São Paulo (SP) - A filial brasileira do banco Santander encerrou 2012 com uma queda de 15,2% no lucro. A operação local registrou ganhos de 2,121 bilhões de euros em comparação aos 2,610 bilhões de euros do ano anterior.

Na prática, o resultado não é de todo mau — a unidade brasileira ainda é a mais lucrativa entre todas as operações do banco no mundo —, mas ajuda a entender por que os funcionários sentem na pele a pressão por resultados.

"O desempenho está muito vinculado às metas de vendas, mesmo para as funções mais administrativas", diz um empregado. Embora reclamem da pesada carga de trabalho, os jovens enxergam um lado positivo na situação: a oportunidade de assumir desafios e responsabilidades, além de aprender muito na prática.

A possibilidade de mudar de área sem muita burocracia e com o apoio dos chefes também agrada à moçada. Por outro lado, a falta de um plano estruturado de carreira gera frustração. "Aqui a gente cresce rápido, mas fica estagnado depois de atingir um certo patamar", afirma um jovem.

Segundo Lilian Guimarães, vice-presidente executiva de RH do Santander, a estratégia do banco é dar as ferramentas para que os funcionários façam a gestão da própria carreira. "A responsabilidade de correr atrás é de cada um", diz a executiva. Uma das iniciativas de apoio ao desenvolvimento profissional é o Programa Ser Jovem Santander, voltado para funcionários de até 30 anos.

A iniciativa inclui oficinas presenciais que os ajudam na escolha da carreira e abordam temas como inovação, comunicação e liderança. Também fazem parte da grade reuniões de feedback nas quais o gestor auxilia o jovem a entender seus anseios e necessidades de desenvolvimento.

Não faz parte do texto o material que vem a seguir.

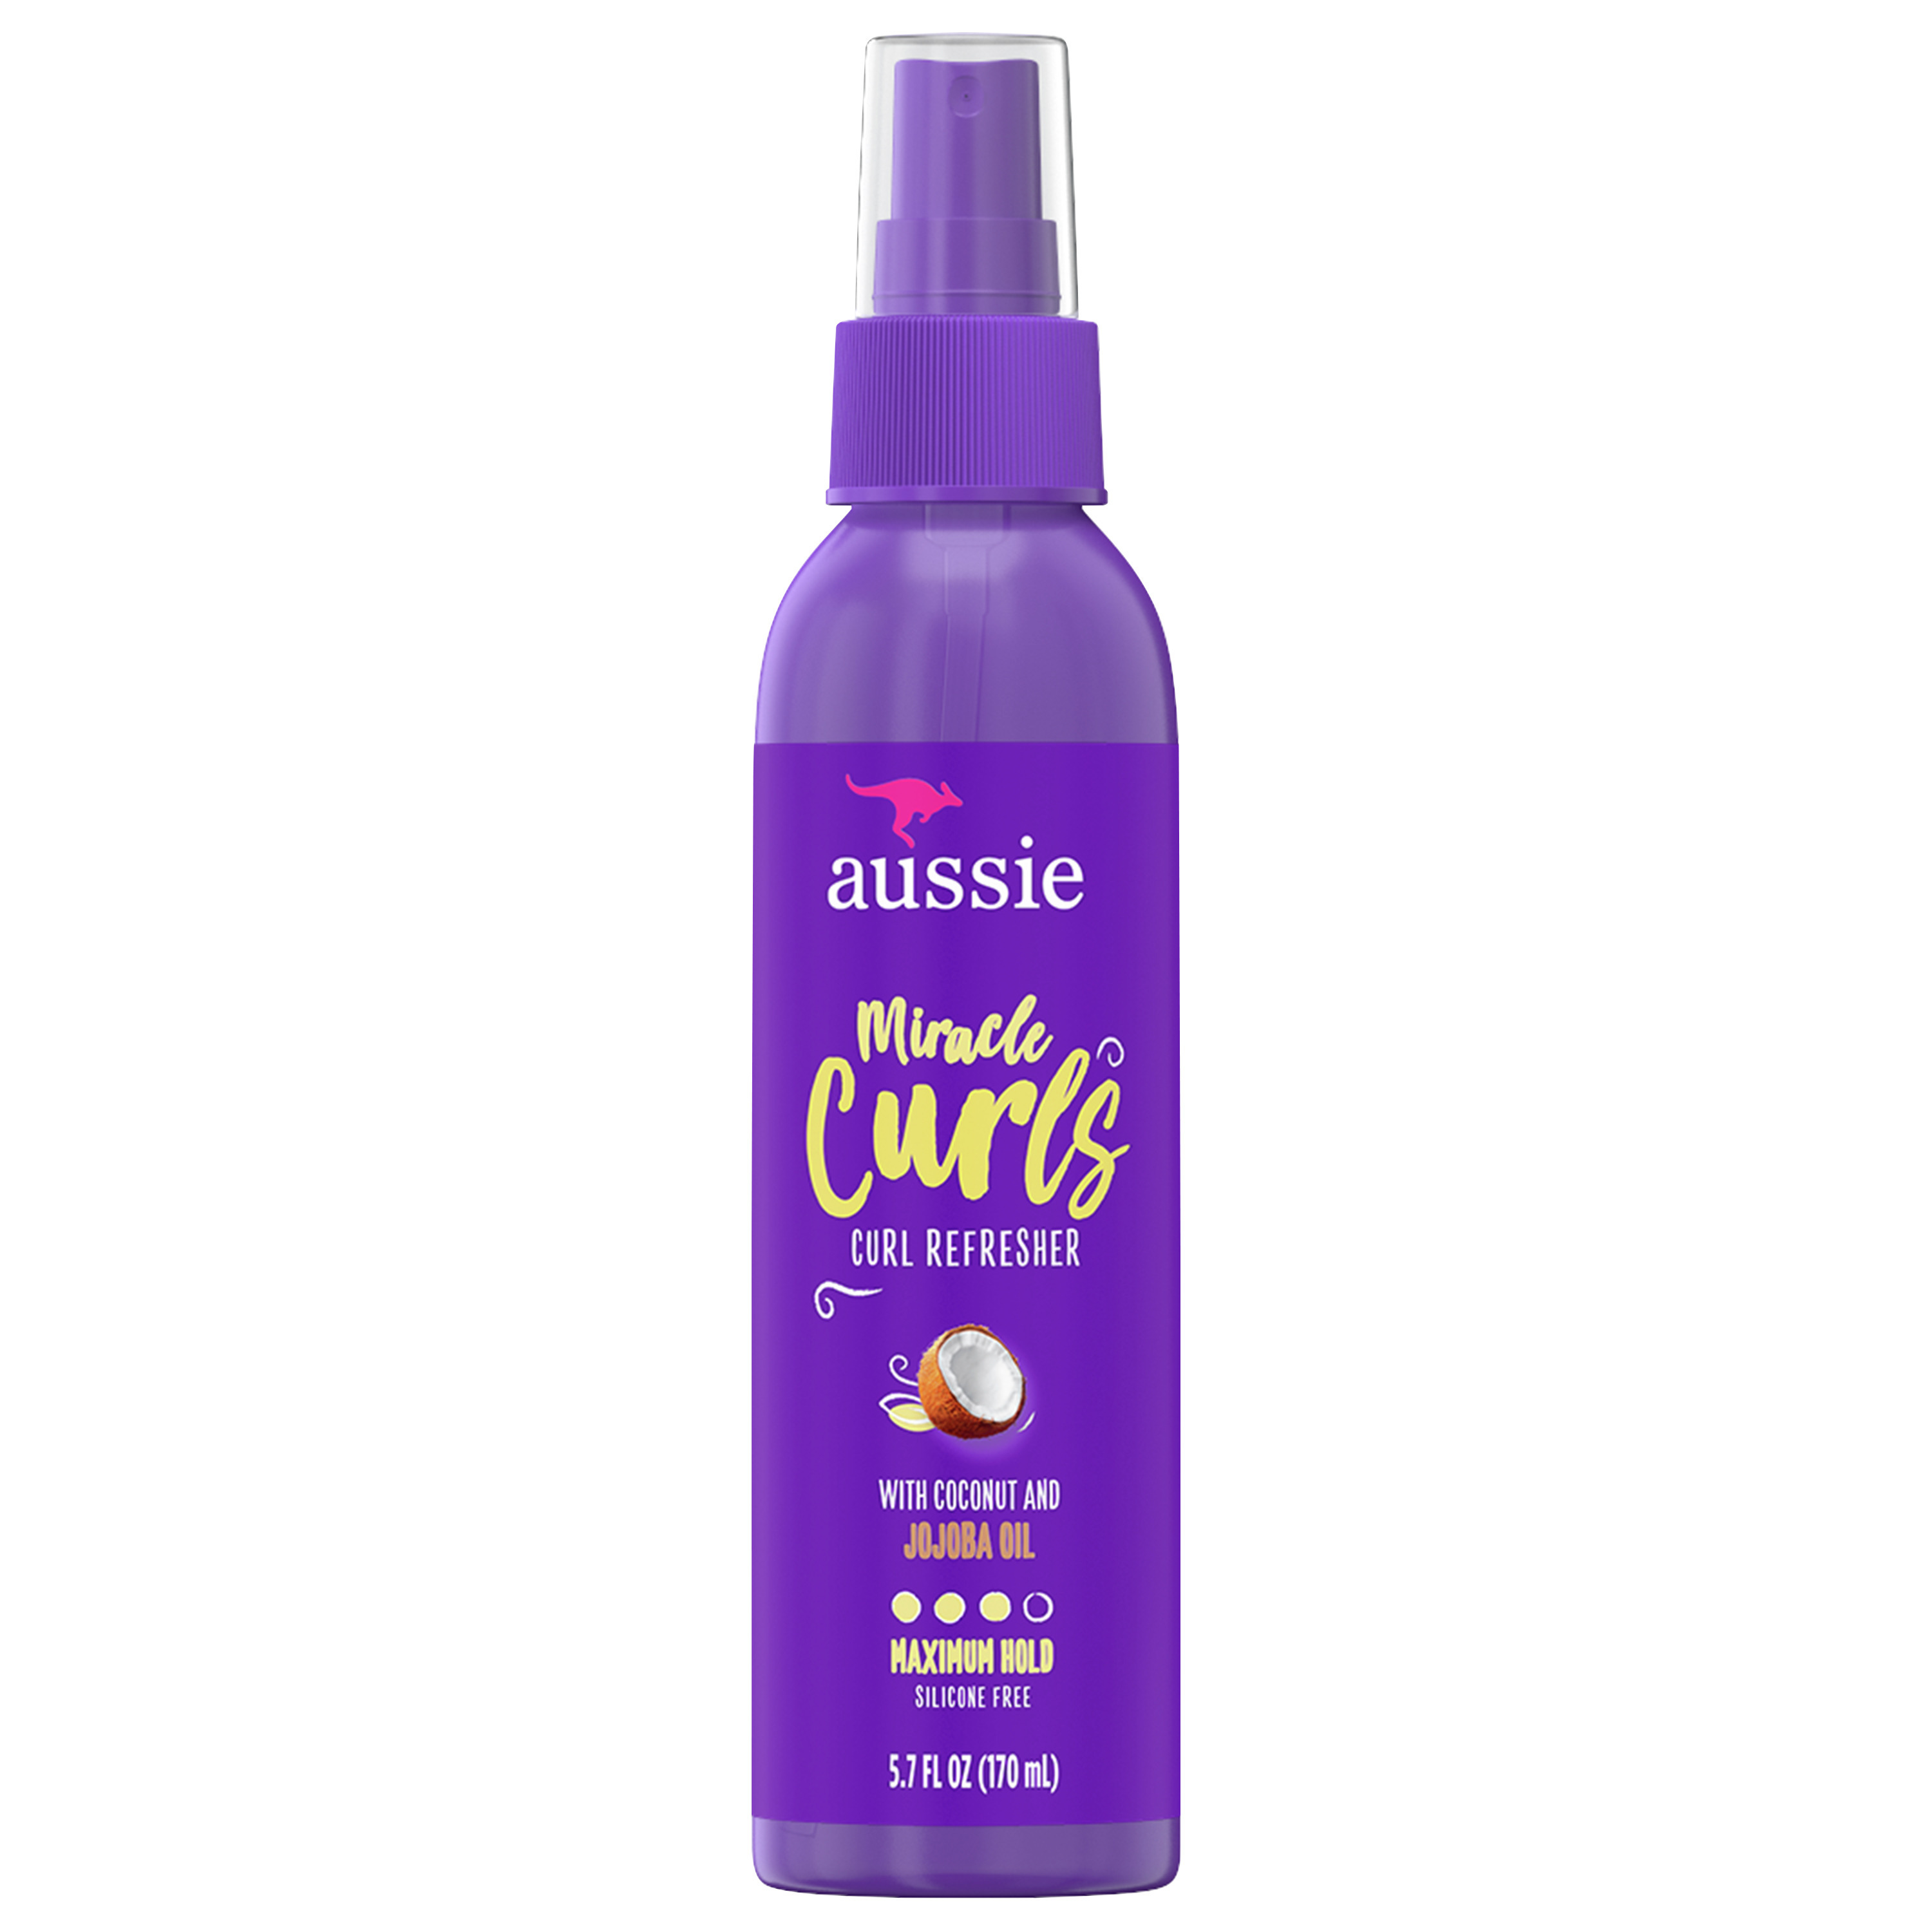 Aussie Miracle Curls Curl Refresher Spray Gel, Max Hold, for All Hair Types 5.7 fl oz - image 1 of 10

De olho em novos talentos, o banco também criou a plataforma Caminhos e Escolhas, um jogo virtual que orienta jovens na escolha da carreira, além de oficinas online que simulam o trabalho em diferentes áreas do mercado financeiro. A ferramenta também é usada para selecionar jovens para o programa de estágio. 

Ponto(s) positivo(s) Ponto(s) negativo(s)
Crescimento rápido, com a possibilidade de ocupar cargos de gerência logo no início da carreira e acesso às oportunidades abertas em outras áreas da empresa.  Depois de um rápido início os jovens se sentem estagnados no longo prazo, com salários abaixo da média de mercado e jornada de trabalho intensa.